== RECORDS SHOWN
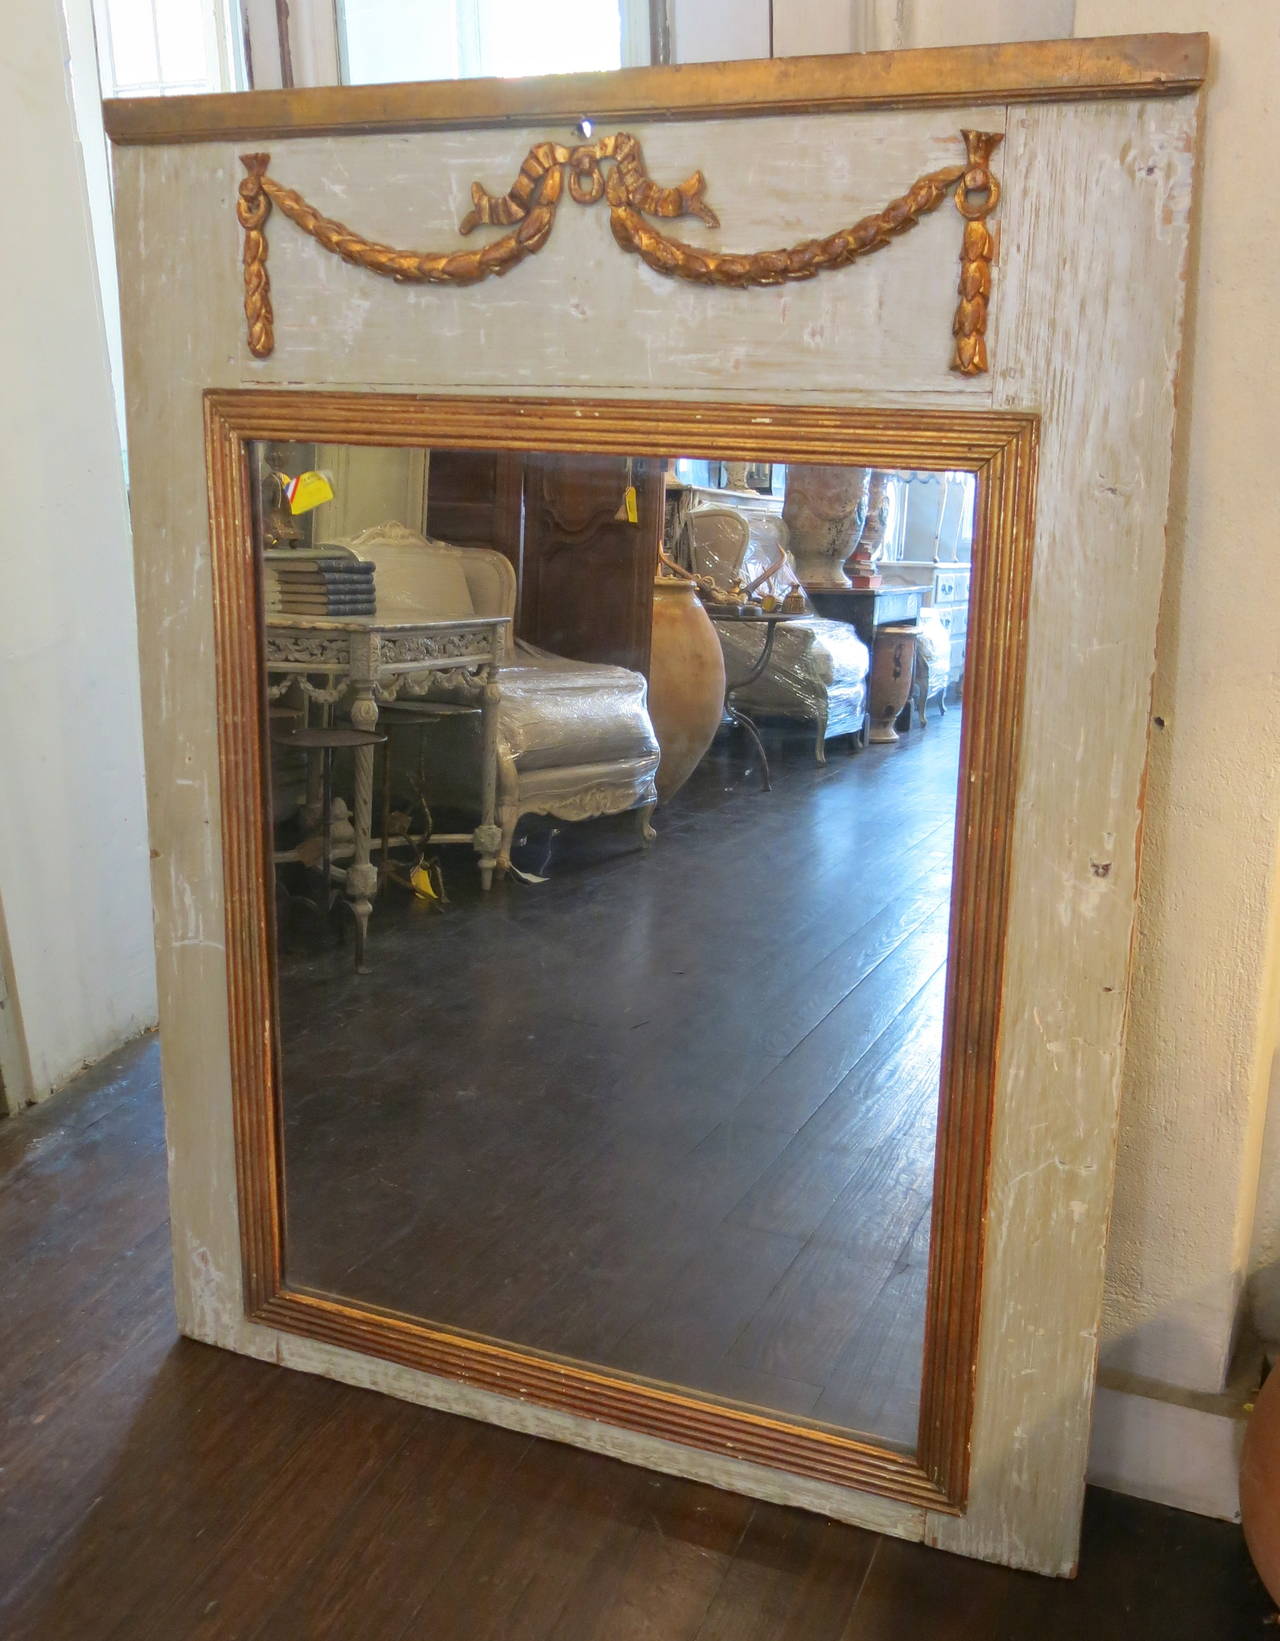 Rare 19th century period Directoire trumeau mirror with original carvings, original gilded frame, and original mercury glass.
====
== RECORDS SHOWN
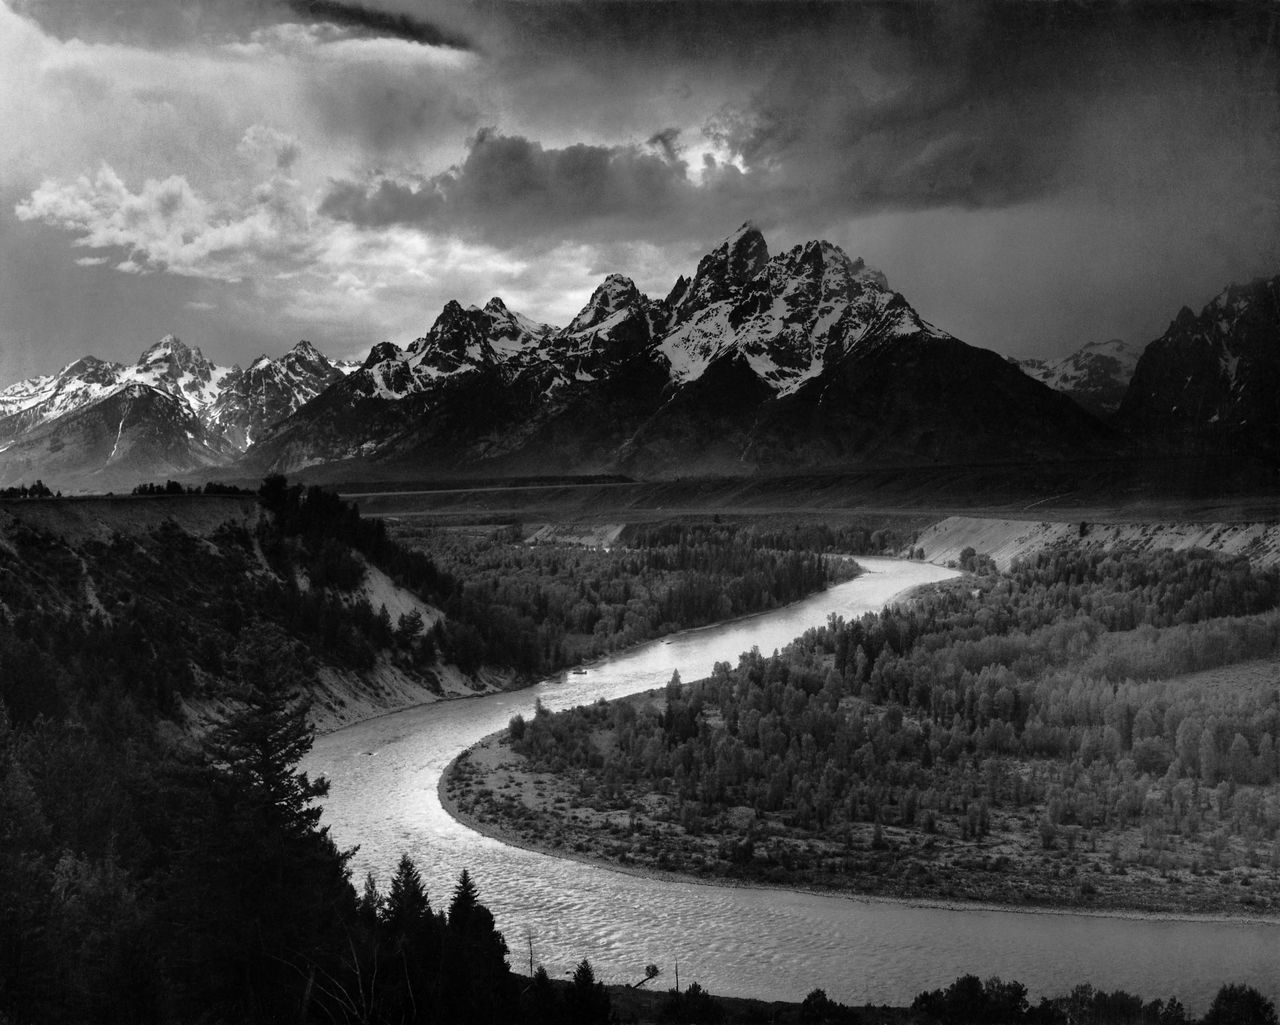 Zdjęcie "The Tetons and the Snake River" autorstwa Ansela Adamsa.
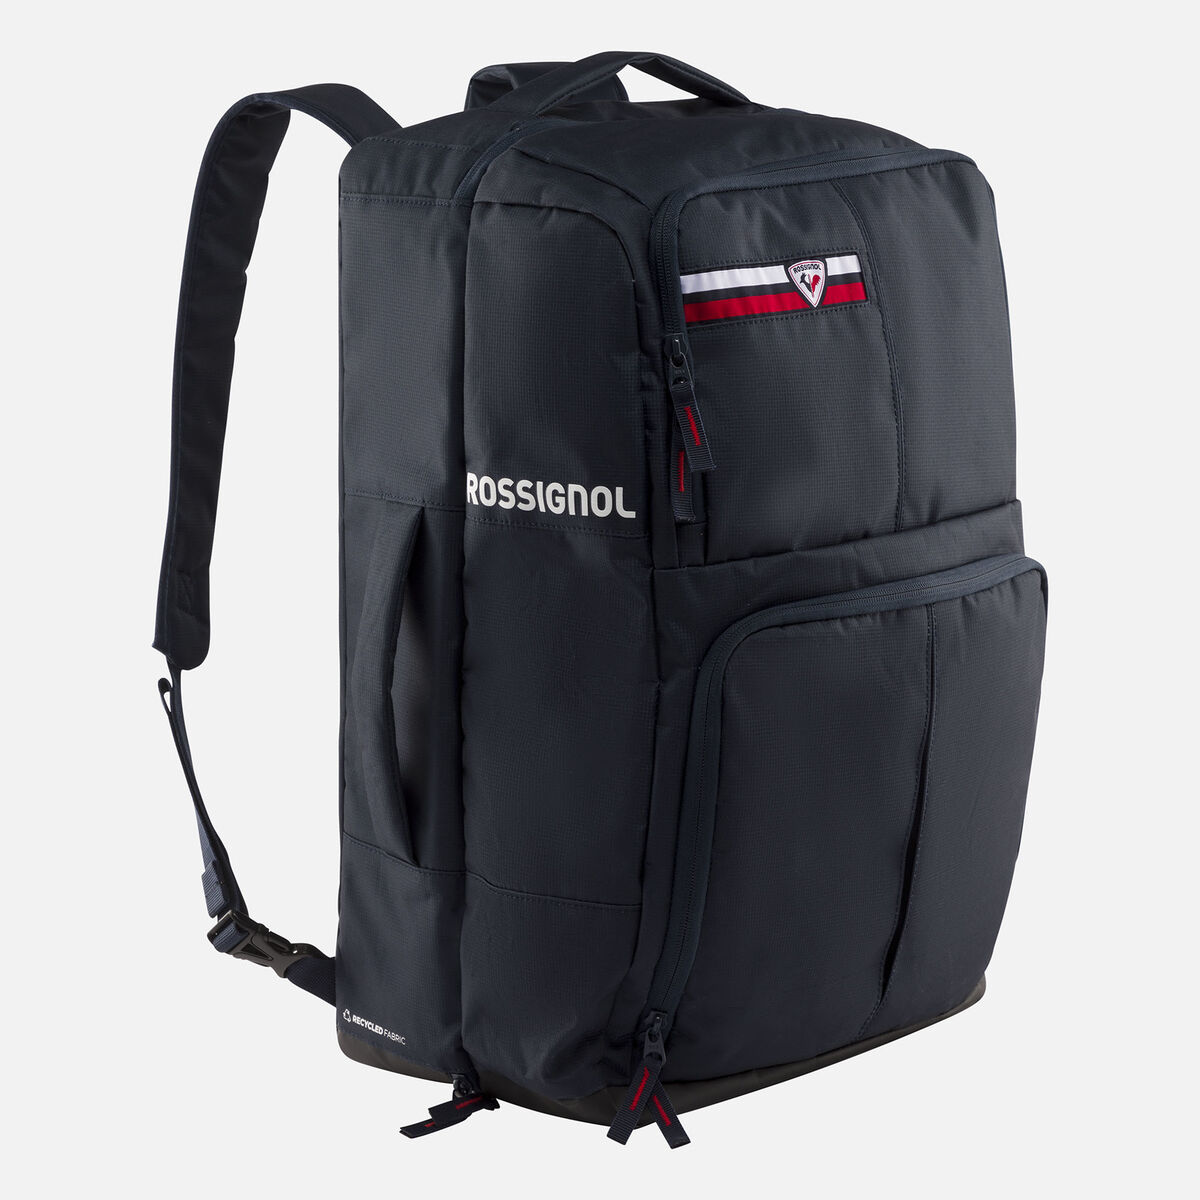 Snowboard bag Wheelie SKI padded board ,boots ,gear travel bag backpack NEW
====
== RECORDS SHOWN
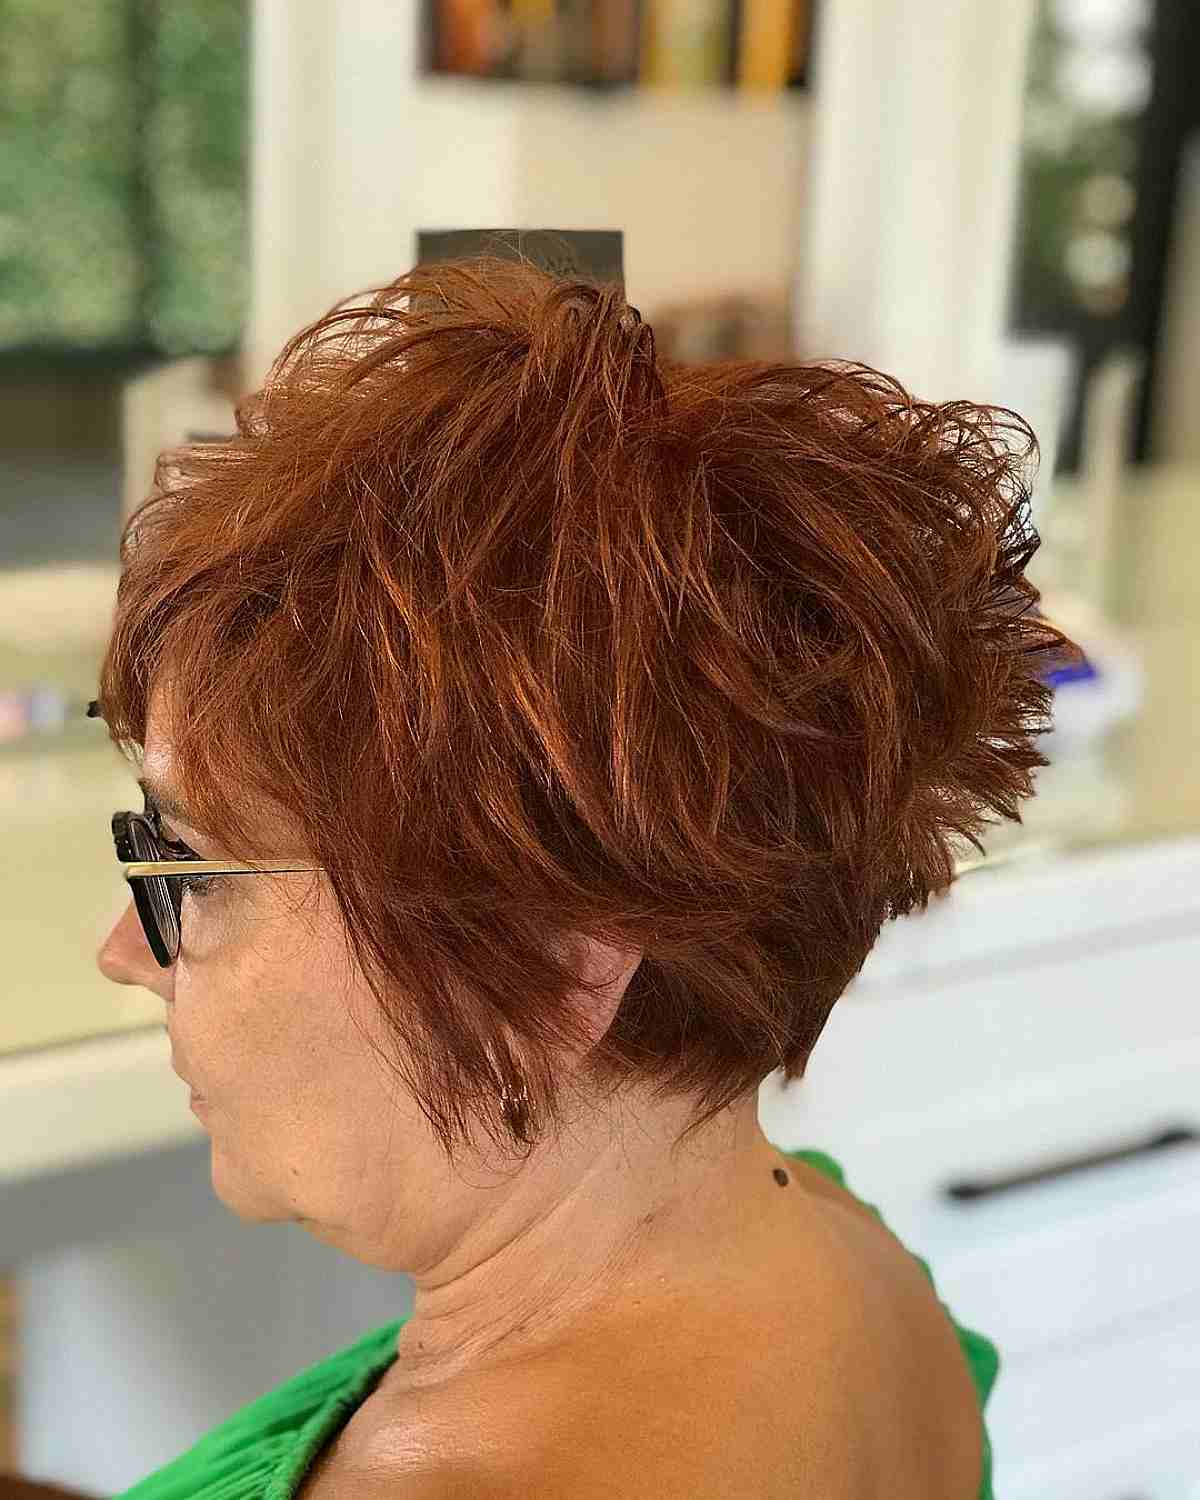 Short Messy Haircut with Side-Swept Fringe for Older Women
====
• EXERCISE AIM:
Find the line with "autorstwa Ansela Adamsa." in the entries above. Set down exactly every line from it up to and including the line with "Snowboard bag Wheelie", images excluded.

• SOLUTION TO THIS PROBLEM:
 Zdjęcie "The Tetons and the Snake River" autorstwa Ansela Adamsa.
 Snowboard bag Wheelie SKI padded board ,boots ,gear travel bag backpack NEW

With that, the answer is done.